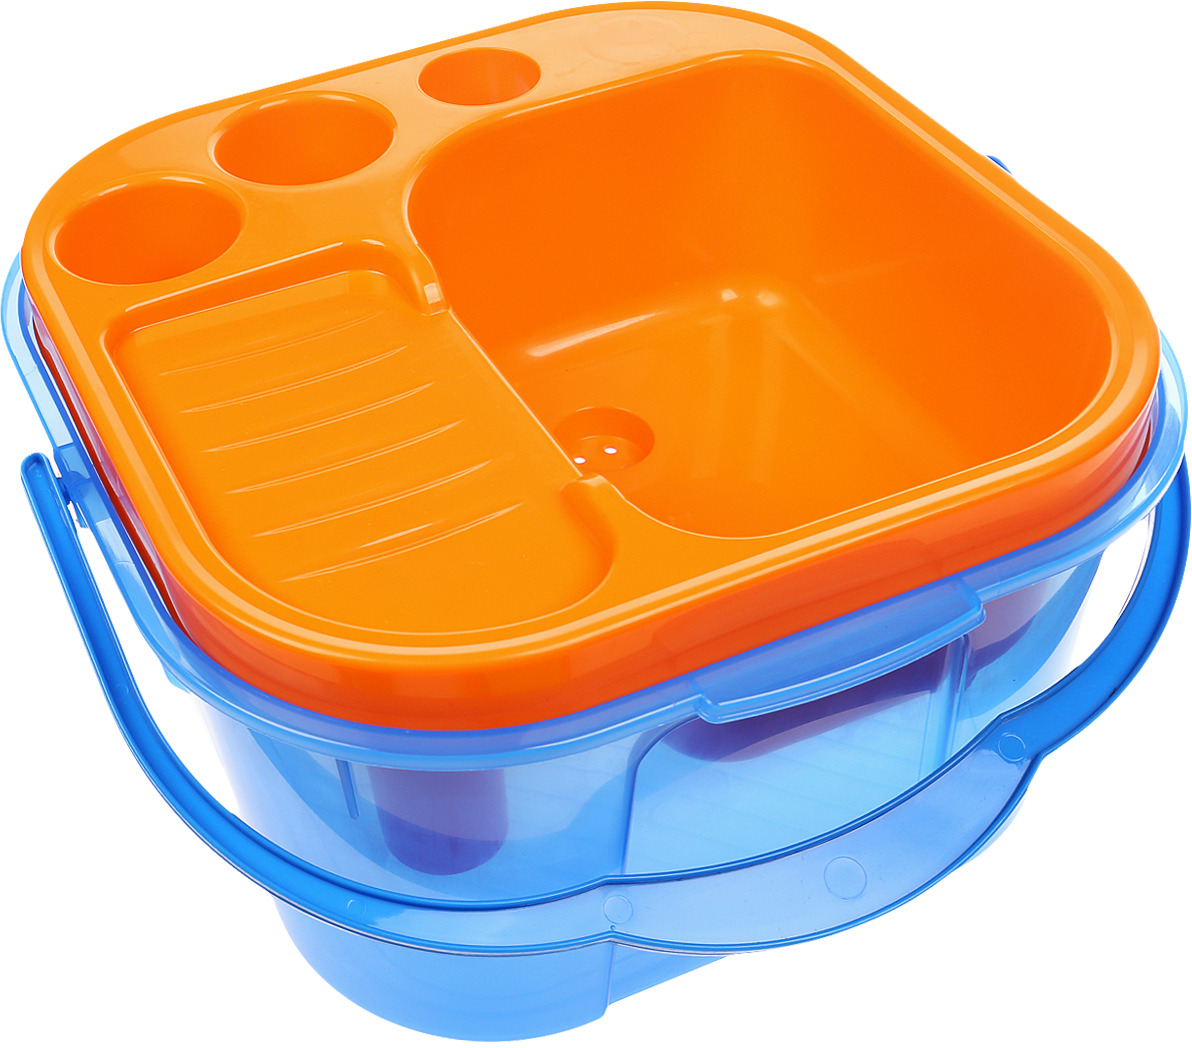 Фото - Полесье Игровой набор Мини-посудомойка цвет синий оранжевый пластмастер игровой набор витаминчик цвет оранжевый сиреневый
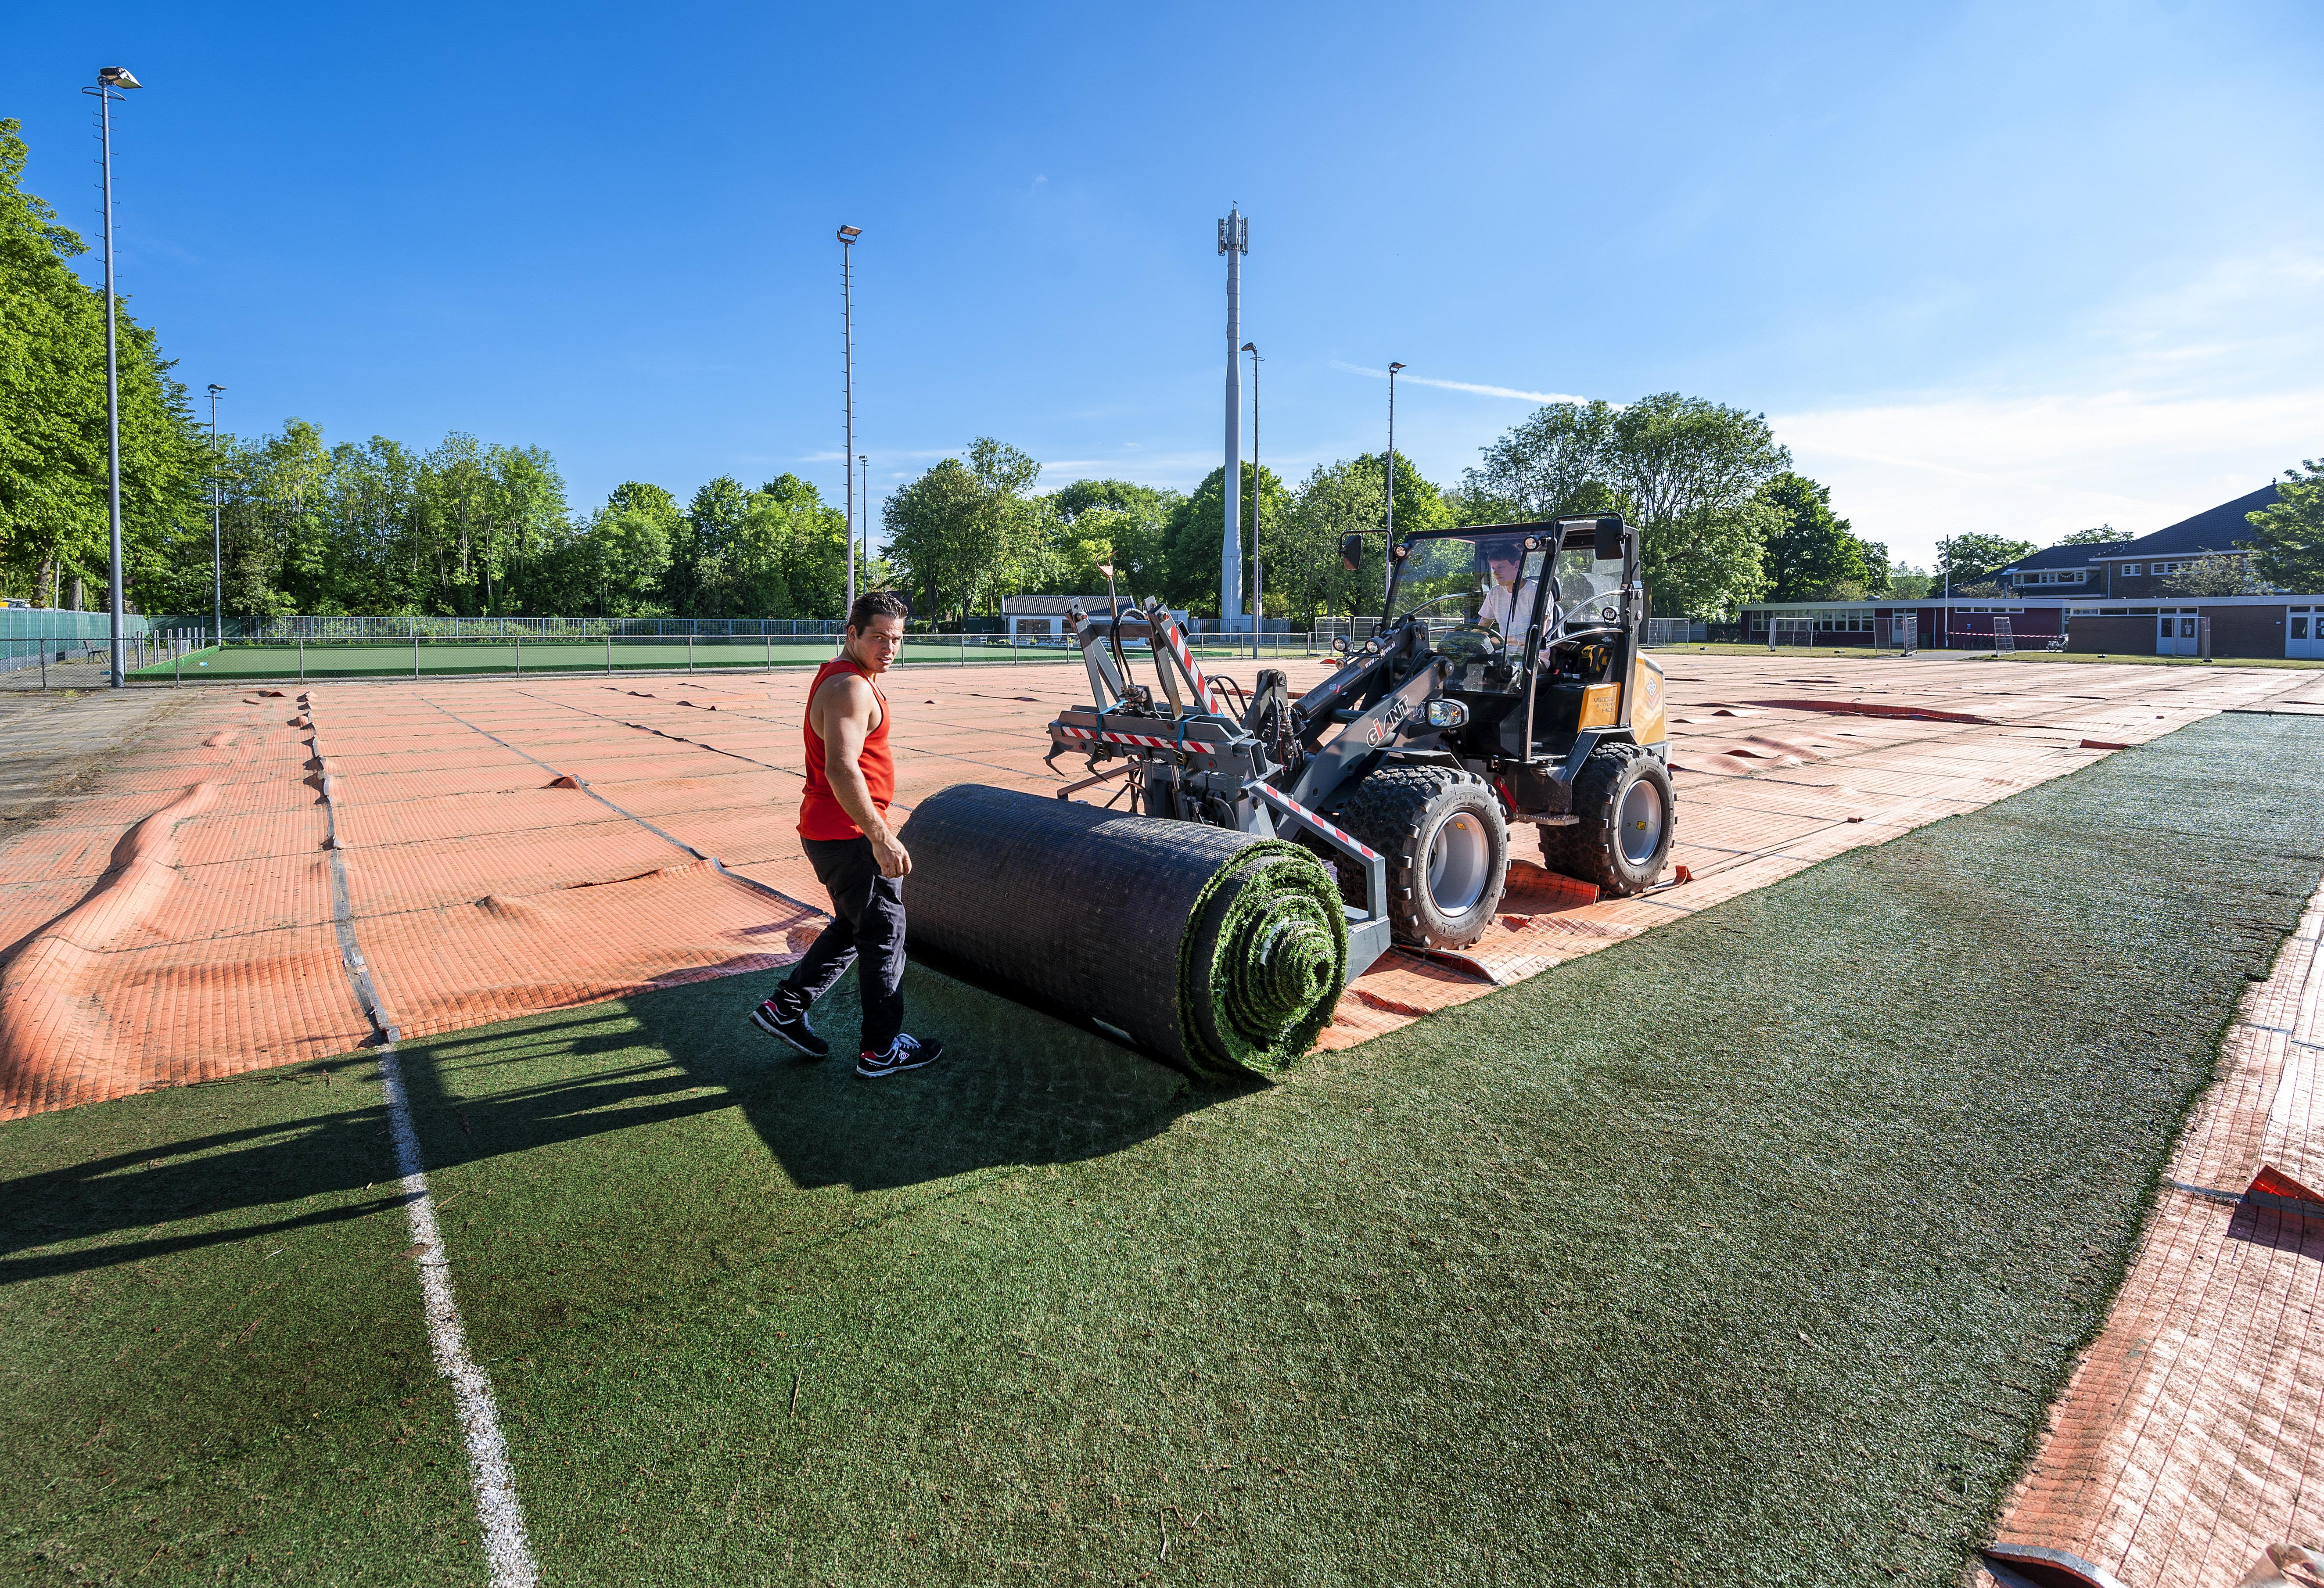 Haarlemse korfbalclub Oosterkwartier kan weer jaren vooruit met nieuwe kunstgrasmat
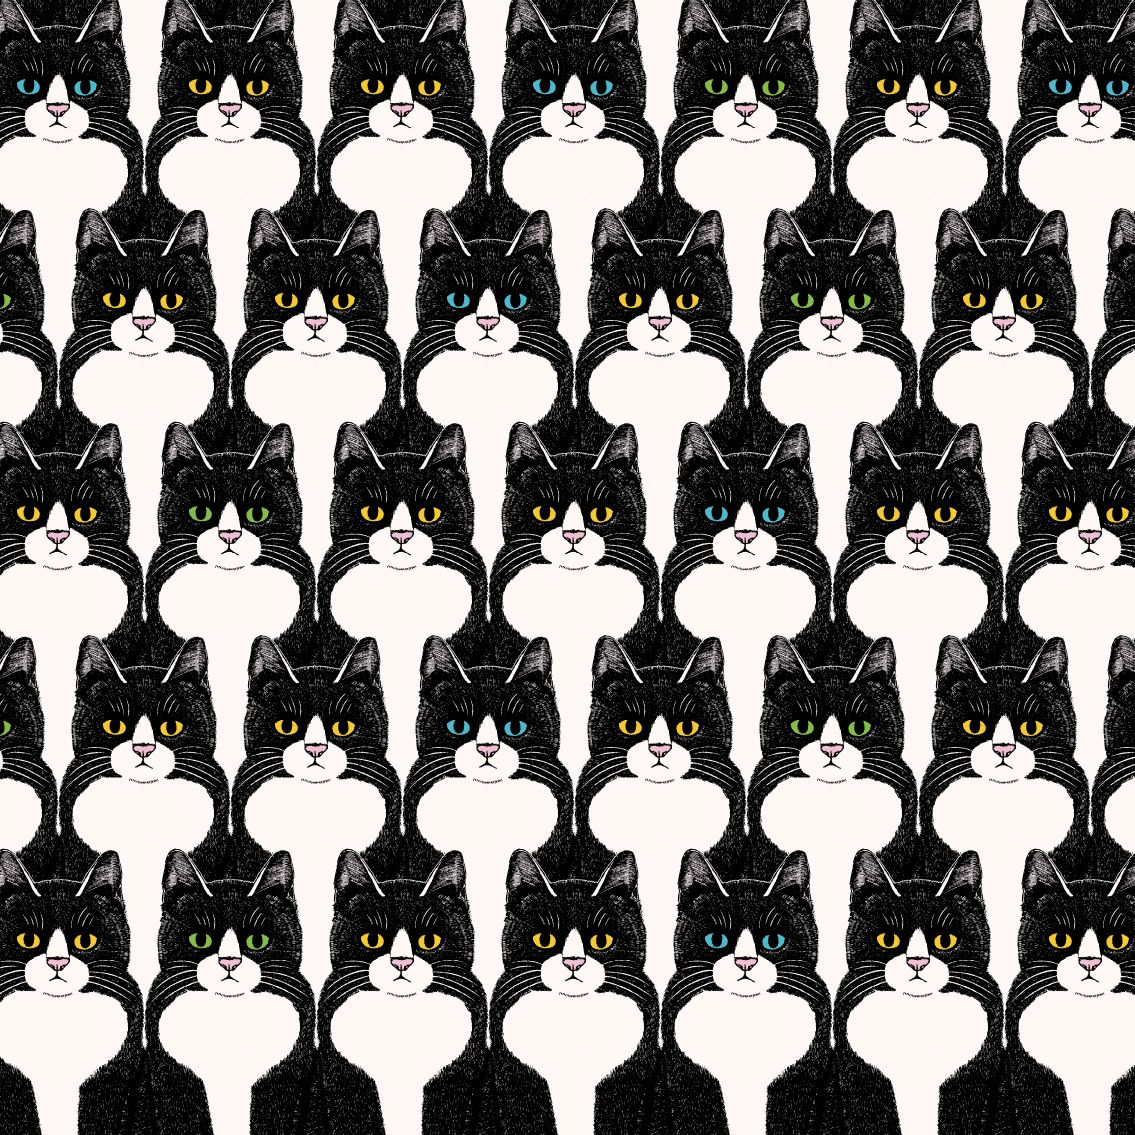 ハチワレ猫のシームレスパターン「マタタビ」 #パターン

* **Brief**
Copy every line of the data exactly as written, excluding the pictures.

* **Expected answer**
 Фото - Полесье Игровой набор Мини-посудомойка цвет синий оранжевый пластмастер игровой набор витаминчик цвет оранжевый сиреневый
 Haarlemse korfbalclub Oosterkwartier kan weer jaren vooruit met nieuwe kunstgrasmat
 ハチワレ猫のシームレスパターン「マタタビ」 #パターン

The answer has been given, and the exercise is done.